剛才還有人拎着這袋子的,現在一個個都趕緊撒開。
别說吃了,連碰都不想碰了。
這馬上快過年了,别把自己給弄進醫院了。
一個個的退得老遠,惜命得緊呢。
還擱那喊陸景行:“你是治病的,你不怕這個,伱把它們帶回去吧!”
“對噻對噻,你朋友這隻狗你也帶回去給他。”
“這病貓要是死了,不能埋附近的嗷,你們醫院離得遠不遠呢。”
陸景行哦了一聲,和和氣氣地道:“我們有專門處理這些病貓病狗的……”
不等他說完,衆人已經連連擺手了:“那太好了,快帶走吧!趕緊的。
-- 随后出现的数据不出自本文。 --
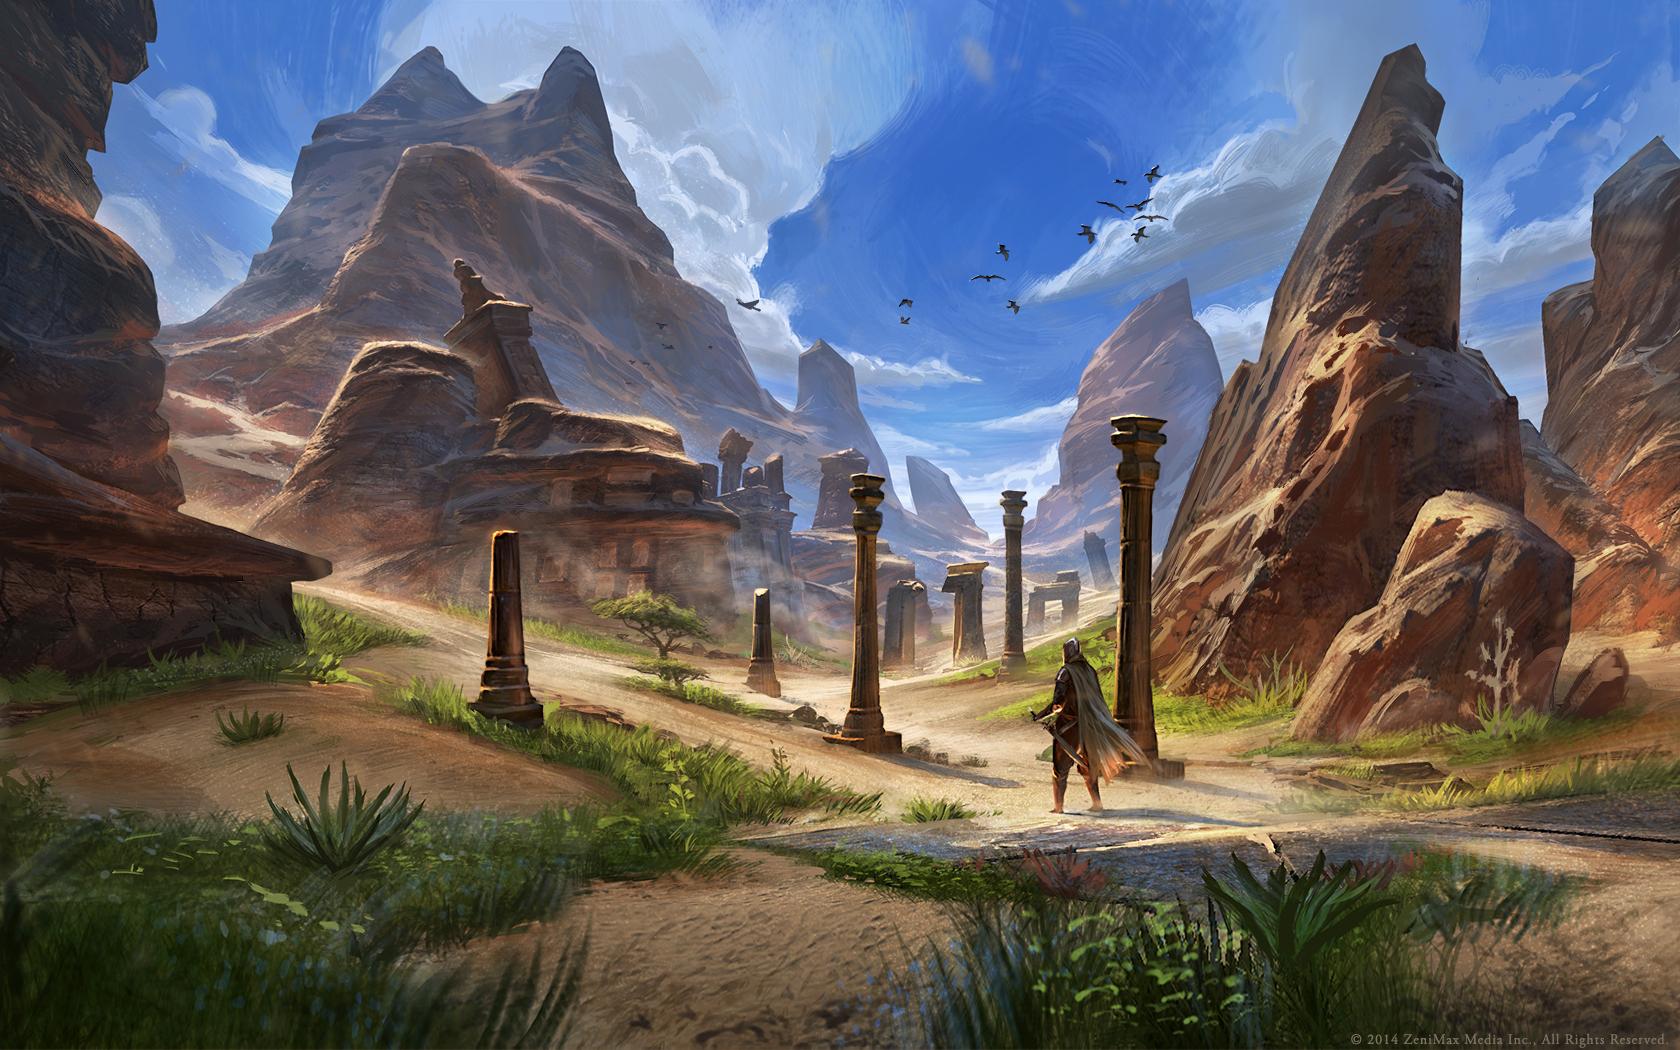 Krásné artworky z Elder Scrolls Online 94968

”
生怕這貓狗馬上死這了,會整得他們也跟着生病的。
有人還想起來:“禽流感也是動物先得的,然後傳給人的吧,這貓啊狗的,我們這幾天都碰了,會不會也……”
他們這會子,又不讓陸景行走了,非得讓他給他們也看看。
陸景行哭笑不得,無奈地道:“我是獸醫啊……”
不能給人看的……
但他們不聽這個,就要他給看看。
沒辦法,陸景行隻能上車,拿了瓶酒精下來:“我給你們都消消毒吧。”
雖然沒啥意義,但,聊勝于無。
衆人你看看我我看看你,還是接受了。
甚至到最後還搶來着:“給我多噴點,尤其是我這手,我當時還抓過诶喲,怎麽得了咯!”
這一個個的,可激動了。
當然,把這三個袋子轉移到後備箱,其他人愣是沒搭下手的。
就讓季苓跟着陸景行吭哧吭哧地搬。
等他們搬完了,還回來一個空的酒精瓶子。
陸景行喘了口氣,笑呵呵的:“叔,你們以後再看到這些流浪貓流浪狗,直接打電話給我,我帶護具過來逮!”
“好嘞好嘞。”
直到他們都上了車,真正返程了,季苓才長長地籲了一口氣。
她回頭看了一眼,因爲怕夜長夢多,陸景行甚至沒有把這幾個袋子裏的貓和狗解開放到籠子裏去。
而是直接就這樣放到了後座上。
但是,哪怕是這樣,它們在袋子裏也都一動不動的。
悄無聲息,連小黃都不叫了。
感覺後面好像啥都沒有一樣的。
“剛才我真的好怕他們不肯。”季苓往後視鏡看了一眼,那些人還在原地聊天,沒有跟上來:“幸好,他們讓我們給帶走了。”
陸景行笑了一聲,瞥了她一眼:“我給了錢的。”
“啊?”季苓懵了幾秒,才遲疑地道:“你不是給的煙嗎?”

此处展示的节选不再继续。